US 12,405,933 B2
Content management system for trained machine learning models
Thomas Guzik, Edina, MN (US); Muhammad Adeel, Edina, MN (US); and Ryan Kucera, Columbia Heights, MN (US)
Assigned to Getac Technology Corporation, Taipei (TW); and WHP Workflow Solutions, Inc., North Charleston, SC (US)
Filed by Getac Technology Corporation, Taipei (TW); and WHP Workflow Solutions, Inc., North Charleston, SC (US)
Filed on Nov. 30, 2020, as Appl. No. 17/107,763.
Prior Publication US 2022/0171750 A1, Jun. 2, 2022
Int. Cl. G06F 16/21 (2019.01); G06N 5/04 (2023.01); G06N 20/00 (2019.01)

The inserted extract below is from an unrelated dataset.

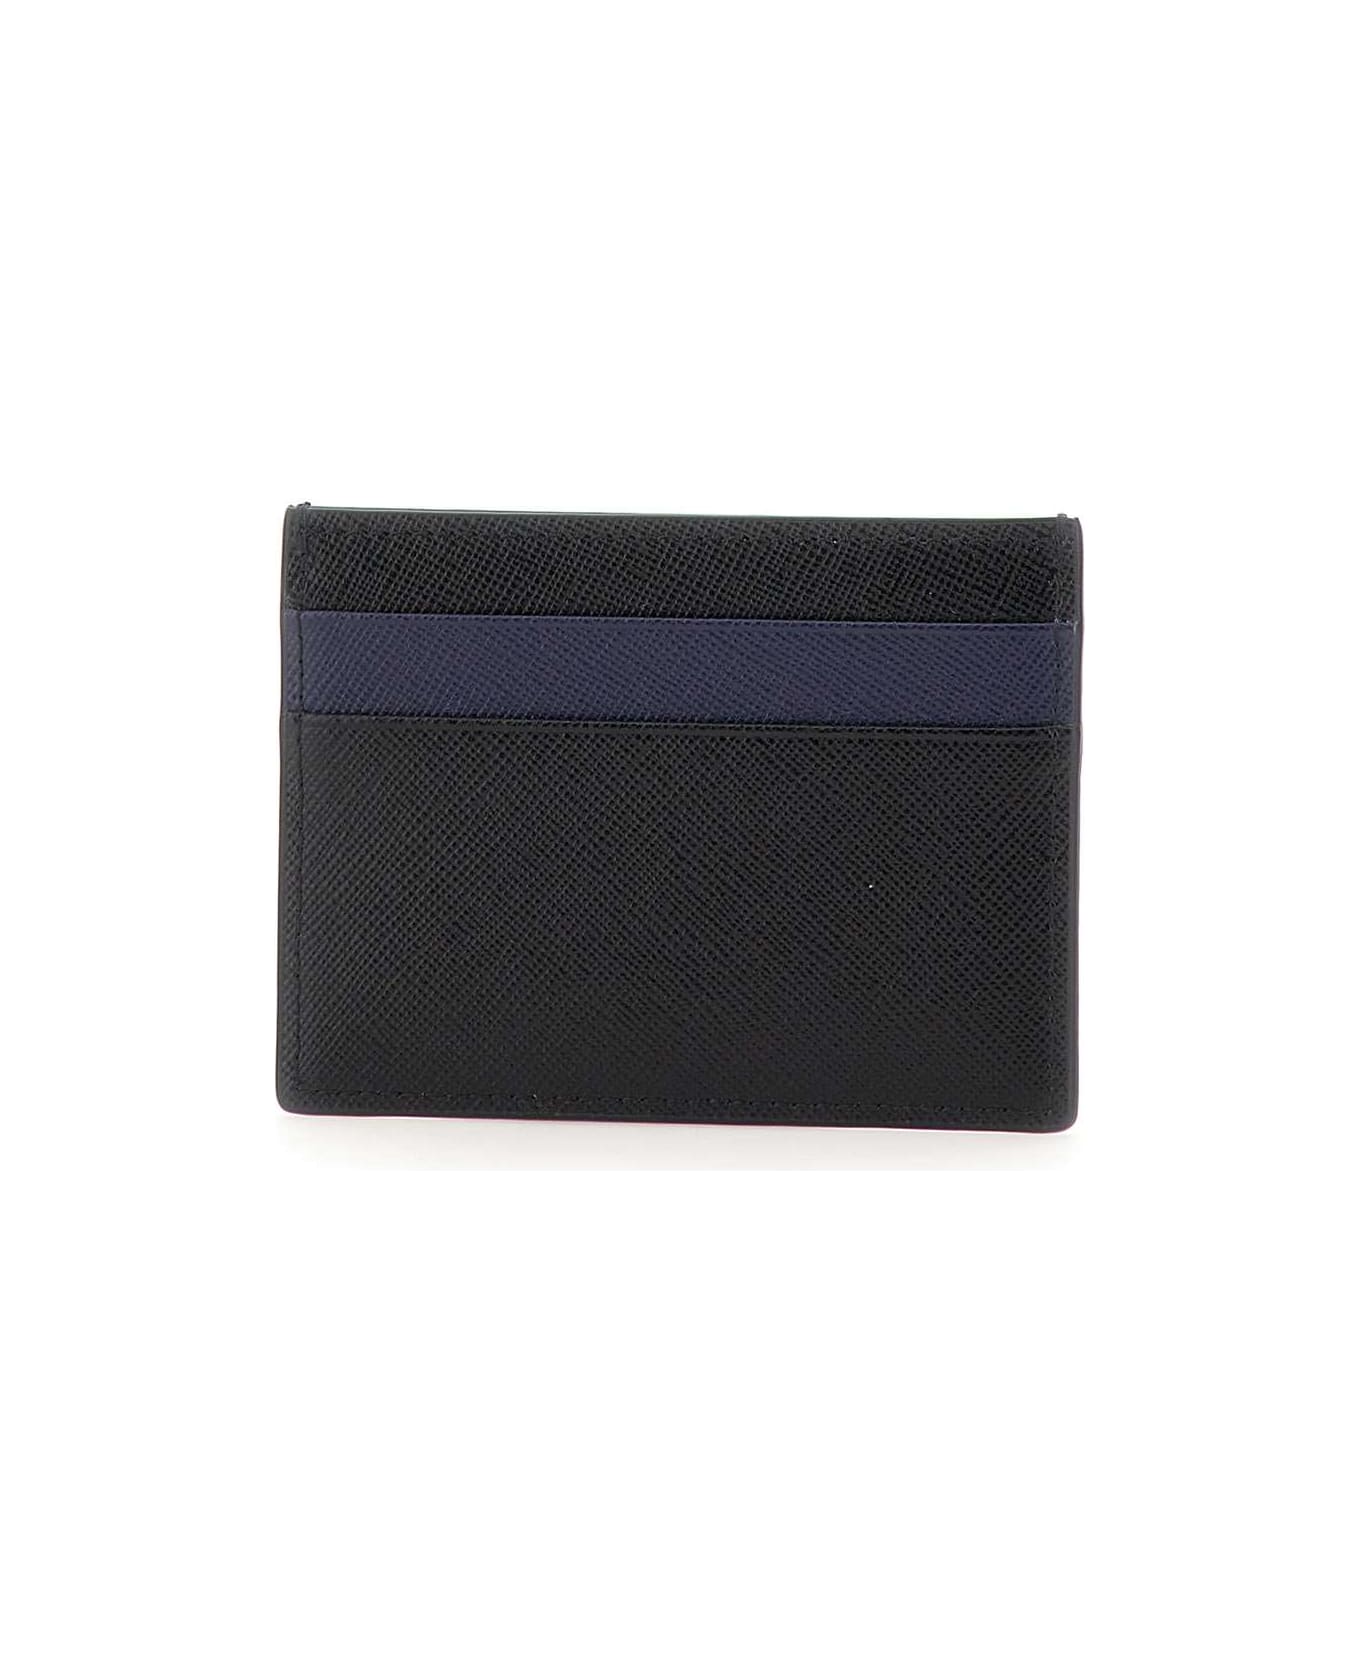 Marni 'cc Holder' Leather Card Holder - BLACK/BLUBLACK 財布

CPC G06F 16/219 (2019.01) [G06N 5/04 (2013.01); G06N 20/00 (2019.01)] 19 Claims
OG exemplary drawing
 
1. One or more non-transitory computer-readable storage media storing computer-executable instructions that, if executed by one or more processors, cause the one or more processors to perform acts comprising:
creating a first dataset comprised of first data and first annotations;
storing the first dataset in one or more data records in one or more data stores accessible by a content management system (CMS);
training a first machine learning (ML) model using the first dataset, until an output of the first ML model meets a first statistical confidence greater than a first threshold, the trained first ML model configured to output a first value of a first dependent variable derived from data of the first dataset, wherein the data of the first dataset is used as a first independent variable;
storing the trained first ML model in the one or more data records in the one or more data stores accessible by the CMS, wherein the one or more data records are comprised of fields for one or more of trained ML models, datasets, data underlying the datasets, statistical confidences of outputs of the trained ML models, and statistical confidence thresholds and the data records:
associate the trained ML models with respective datasets that are associated with respective underlying data;
associate the trained ML models with respective statistical confidences and corresponding respective thresholds; and
associate the trained ML models with at least some metadata indicating respective one or more independent variables and respective one or more dependent variables;
retrieving a second dataset comprised of second data and second annotations, training a second ML model using the second dataset, until an output of the second ML model meets a second statistical confidence greater than a second threshold, the trained second ML model configured to output a second value of the first dependent variable derived from data of the second dataset, wherein the data of the second dataset is used as a second independent variable different from the first independent variable;
retrieving a recommendation from the CMS to combine the second dataset with the first dataset based at least on the first statistical confidence, the second statistical confidence, and an association between the first dependent variable and a second dependent variable of the trained first ML model;
creating a third dataset from a combination of the first data, the second data, the first annotations, and the second annotations;
training a third ML model using the third dataset, until an output of the third ML model meets a third statistical confidence greater than a third threshold, the trained third ML model configured to output a third value of the first dependent variable derived from the first and second independent variables;
storing the third dataset in the one or more data records in the one or more data stores; and
tracking one or more performance measures of the trained first ML model with respect to one or more criteria for selecting one or more content sources.